Beli langsung turun, jual langsung naik! Mengapa kepanikan Anda menjadi sasaran algoritma kuantitatif?

robot
Pembuatan abstrak sedang berlangsung

“Jelas-jelas yakin dengan sebuah saham, begitu dibeli langsung turun; jelas-jelas panik dan jual rugi, langsung naik.” Ini adalah pengalaman paling langsung yang dirasakan banyak investor ritel tahun ini.

Sementara itu, pasar juga mulai muncul suara yang mengarah ke perdagangan kuantitatif—“Bukan kuantitatif yang sedang menuai keuntungan, siapa lagi kalau bukan mereka?”

Perkembangan pesat dana kuantitatif

Alasan mengapa perdagangan kuantitatif mendapatkan perhatian sebesar ini terkait erat dengan pertumbuhan pesat dana kuantitatif dalam beberapa tahun terakhir.
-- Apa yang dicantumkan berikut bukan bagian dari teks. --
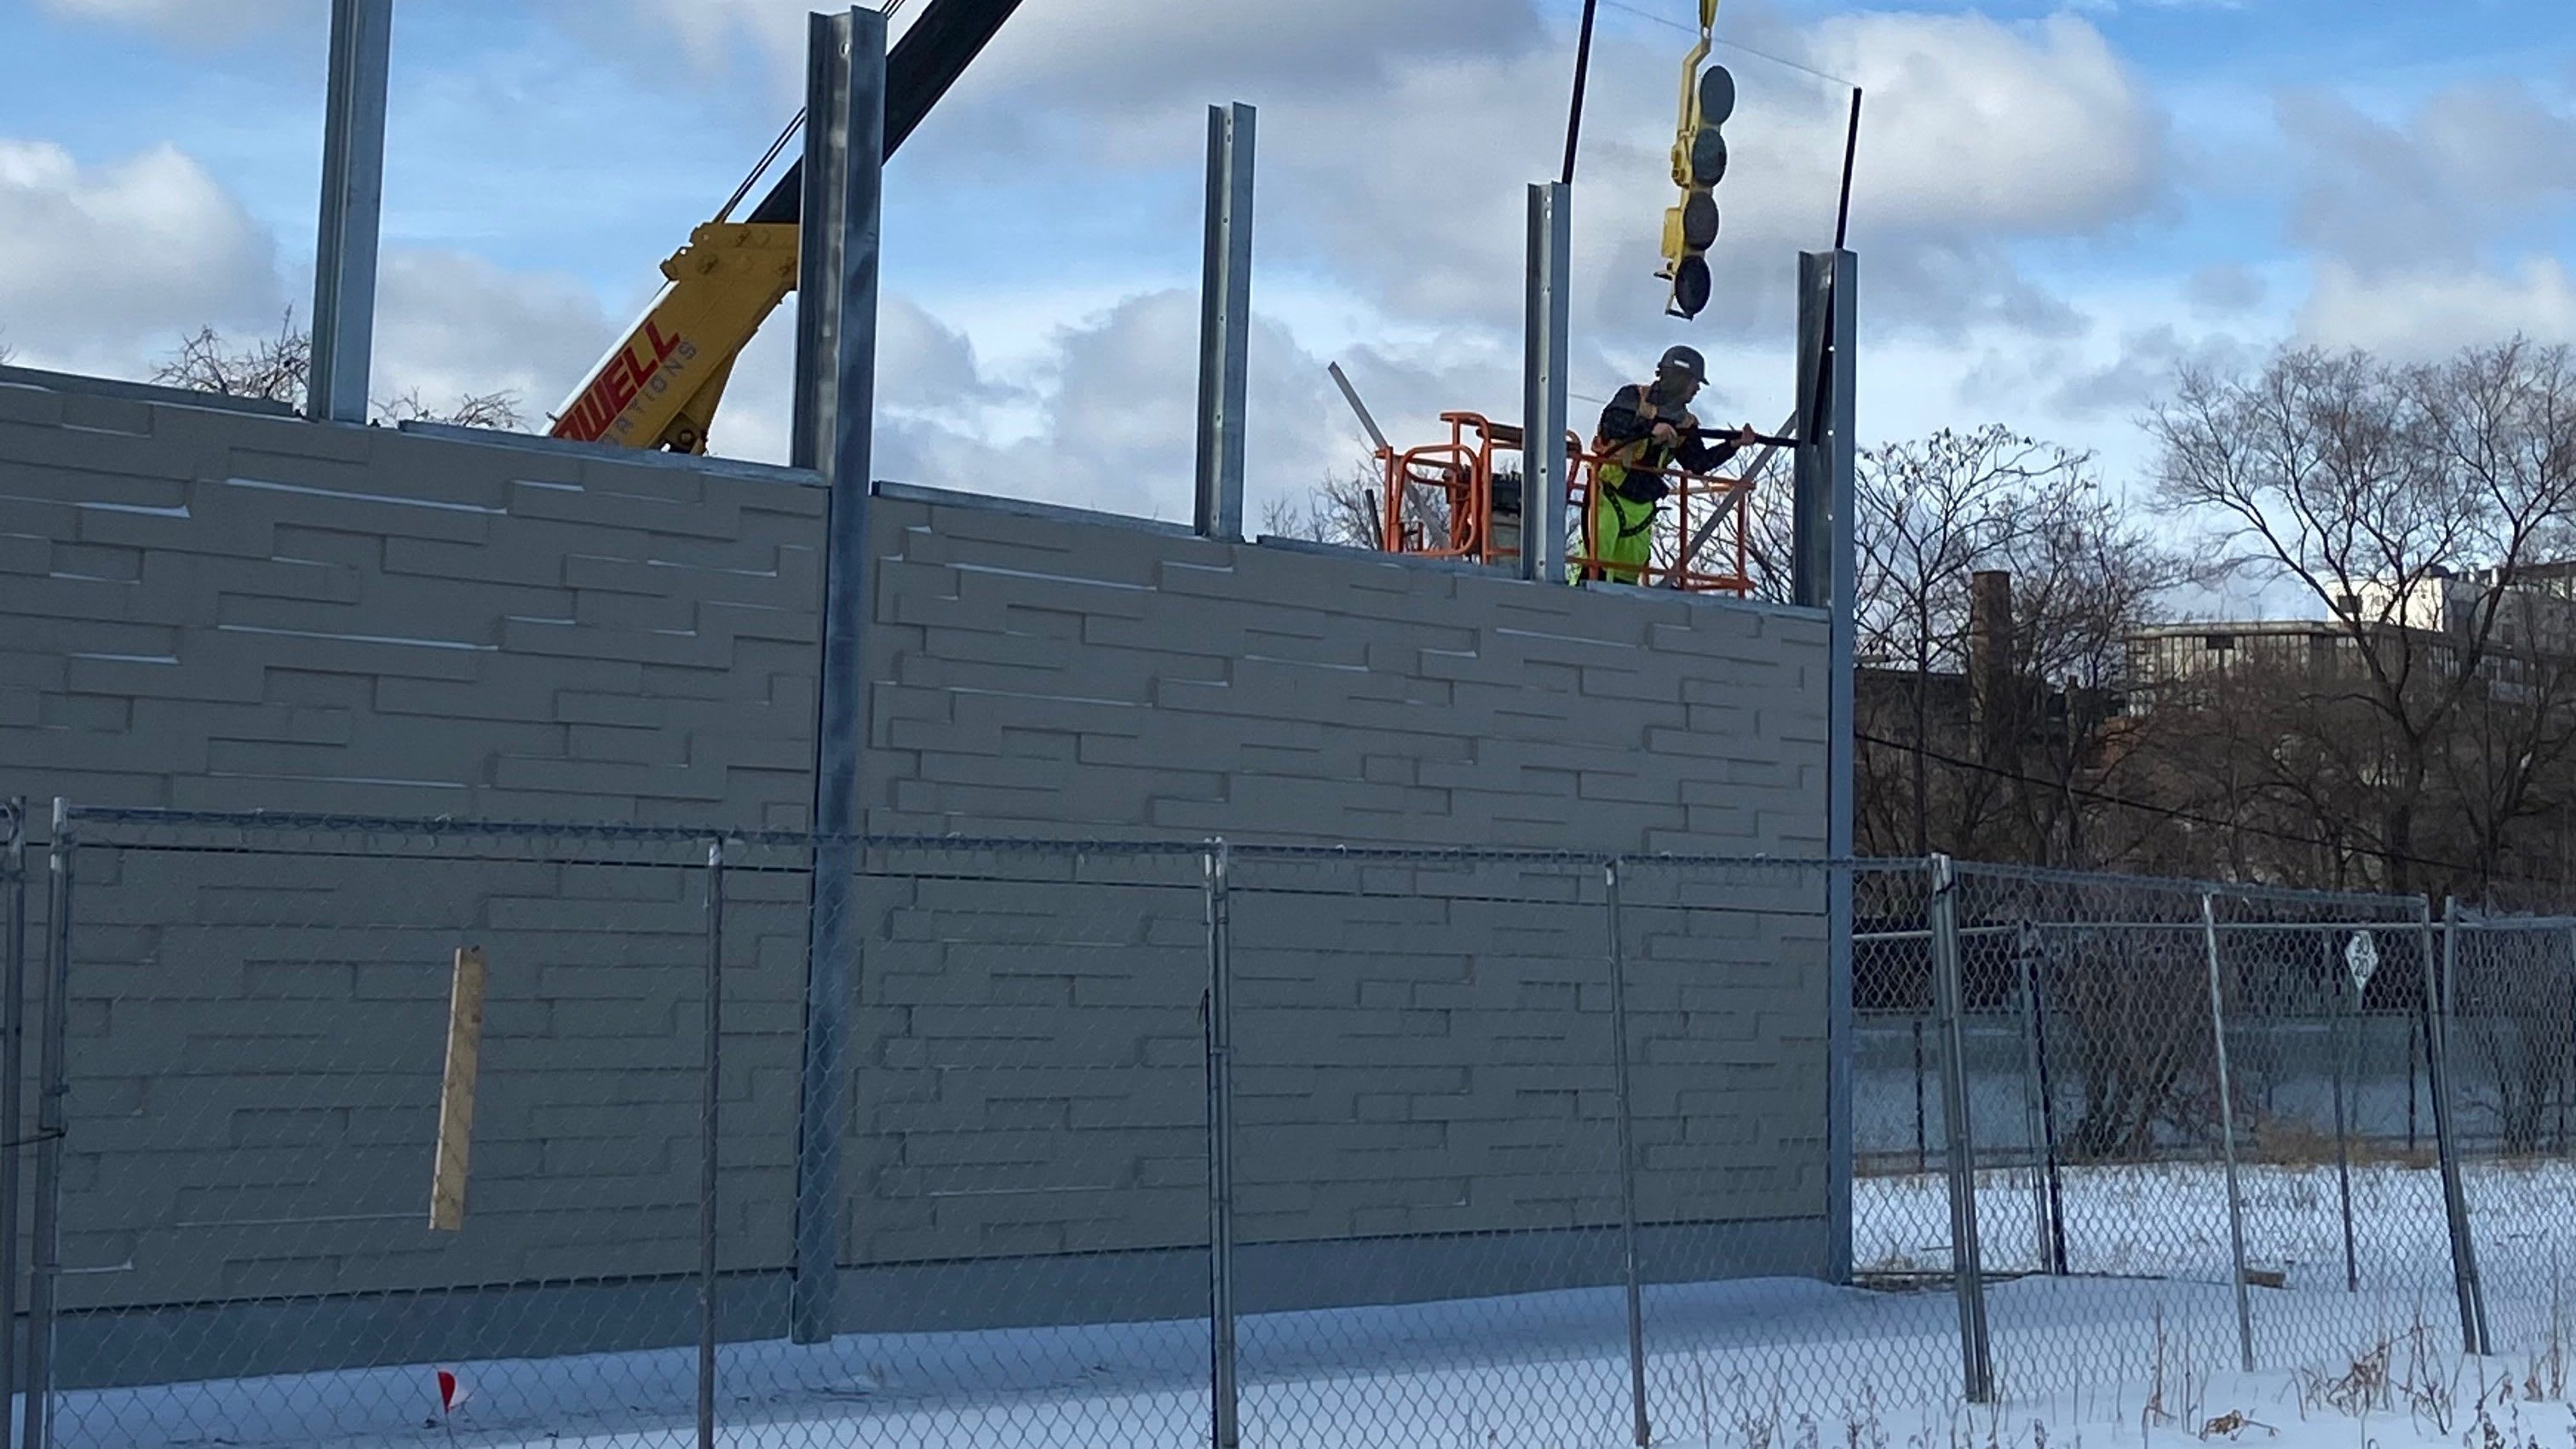 An example of noise walls being installed along the Barrie GO Line this past winter

Data Wind menunjukkan bahwa pada Februari 2026, jumlah produk swasta sekuritas yang terdaftar mencapai 1296, meningkat 99,38% dibandingkan jumlah pendaftaran Januari tahun ini (650), dan mencatat rekor tertinggi dalam dua tahun terakhir.

Data lebih lanjut menunjukkan bahwa hingga 19 Maret 2026, sudah ada 2878 produk swasta sekuritas yang selesai didaftarkan sejak awal tahun, meningkat lebih dari 60% dibandingkan periode yang sama tahun lalu dengan 1786 produk.

Yang lebih menarik lagi, jumlah dana kuantitatif swasta dengan aset di atas 10 miliar yuan pertama kali melampaui dana swasta dengan strategi subjektif di atas 10 miliar yuan. Jumlah manajer dana swasta domestik yang mengelola lebih dari 10 miliar yuan mencapai 126, di mana separuhnya adalah dana kuantitatif. Hingga akhir 2025, skala dana kuantitatif domestik telah menembus 1,8 triliun yuan, menyumbang lebih dari 30% dari total dana swasta di bidang sekuritas.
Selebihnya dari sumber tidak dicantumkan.